Я не успела произнести в ответ ни слова, как алый свет померк, и я увидела Диспетчера задач, который крепко держал Касперского. «Всё, — подумала я, когда пользователь вызвал Касперского через Диспетчер, — ни о каком сопротивлении больше не может идти и речи». Страшный, немыслимый прежде вопрос возник в моем усталом сознании: может быть, если действия пользователя угрожают системе, мы всё-таки можем идти ему наперекор? И тогда получается, что в том, что ждёт нас дальше, виновата я, потому что остановила Касперского? Но любимый вновь спас меня: когда мне казалось, что поток из сомнений, страха и вины вот-вот погребёт меня под собой, он просто улыбнулся и сделал шаг вперёд. В первый миг мне показалось, что всё кончено, но, приглядевшись к появившемуся перед пользователем окну настроек, я ахнула.
— Вот это да! — тихо воскликнул стоявший рядом Файерфокс. И там было, чему удивляться: ни одна из кнопок, ни одна из ссылок не находились на своем месте, ни один из фреймов не реагировал на кликанье мышки.
— Ну что, спасены? — неугомонный Файерфокс довольно покрутил головой. — Госпожа, эй, госпожа!..
Бесконечно усталая, я медленно исчезала из оперативной памяти, не в силах удержаться в сознании. Мне казалось, что где-то в отдалении звучал голос Касперского.

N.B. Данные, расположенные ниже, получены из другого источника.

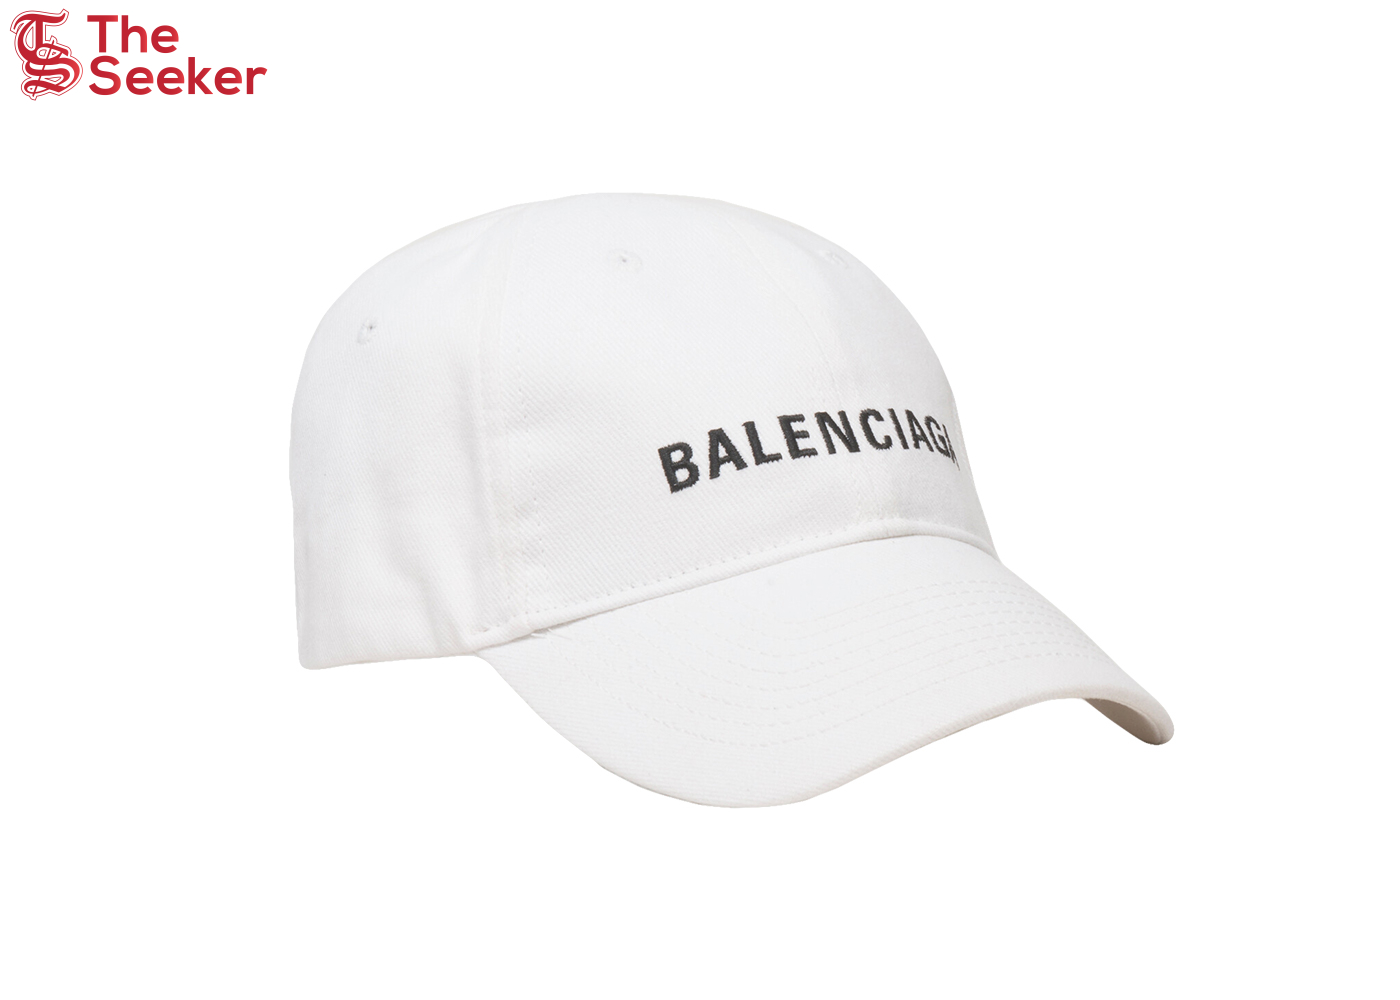 Balenciaga Logo Cap White/Black

Очнулась я в объятиях любимого. Верный сложившейся у нас традиции, Касперский ни словом не обмолвился о случившемся перед перезагрузкой. Мы вообще, кажется, ни слова не произнесли тогда, лишь пытались прикосновениями и взглядами согреть друг друга. С появлением в оперативной памяти Файерфокса Касперский по-прежнему молча приступил к выполнению своих обязанностей. А я, пользуясь свободной минуткой, проверила состояние системы. Заодно убедилась, что пользователь напрочь забыл про файл, ставший причиной всей этой сумятицы.
День прошел спокойно, но меня мучила молчаливость Касперского. Неужели он, свободолюбивый и решительный, презирает меня за слепую покорность пользователю? Но разве могу я вести себя иначе? Ведь именно подчинению учили нас всех, мы и мысли не могли допустить о неповиновении. Для нас, компьютерных программ, нет проступка страшнее. Мы живы до тех пор, пока подчиняемся. Даже нет, не так: самая суть нашей жизни — подчинение: служить пользователю, выполнять его приказы насколько возможно точно — это то, ради чего мы появились на свет. С этой простой философией я прожила всю жизнь, пока вчерашние действия Касперского не пробили в ней изрядную брешь. Может быть, истоки его мировоззрения в том, что привычных для меня границ системы для него не существует, — но, как бы то ни было, от одной попытки постичь иное мировосприятие мне становилось дурно.
— Перестань себя мучить.
Мне не нужно было оборачиваться на голос, я по исходящему от Касперского жару чувствовала, как близко ко мне он стоит. Чуть подавшись назад, я прильнула к нему.
— Объясни мне… — начала было я, но он перебил меня.
— Нет, не сейчас. Сейчас бессмысленно говорить об этом. Слишком разными нас создали, тебе осознание свободы даётся труднее, чем в свое время мне. Пройдёт время, и станет легче, как бы ни банально звучали сейчас мои слова. А пока забудь.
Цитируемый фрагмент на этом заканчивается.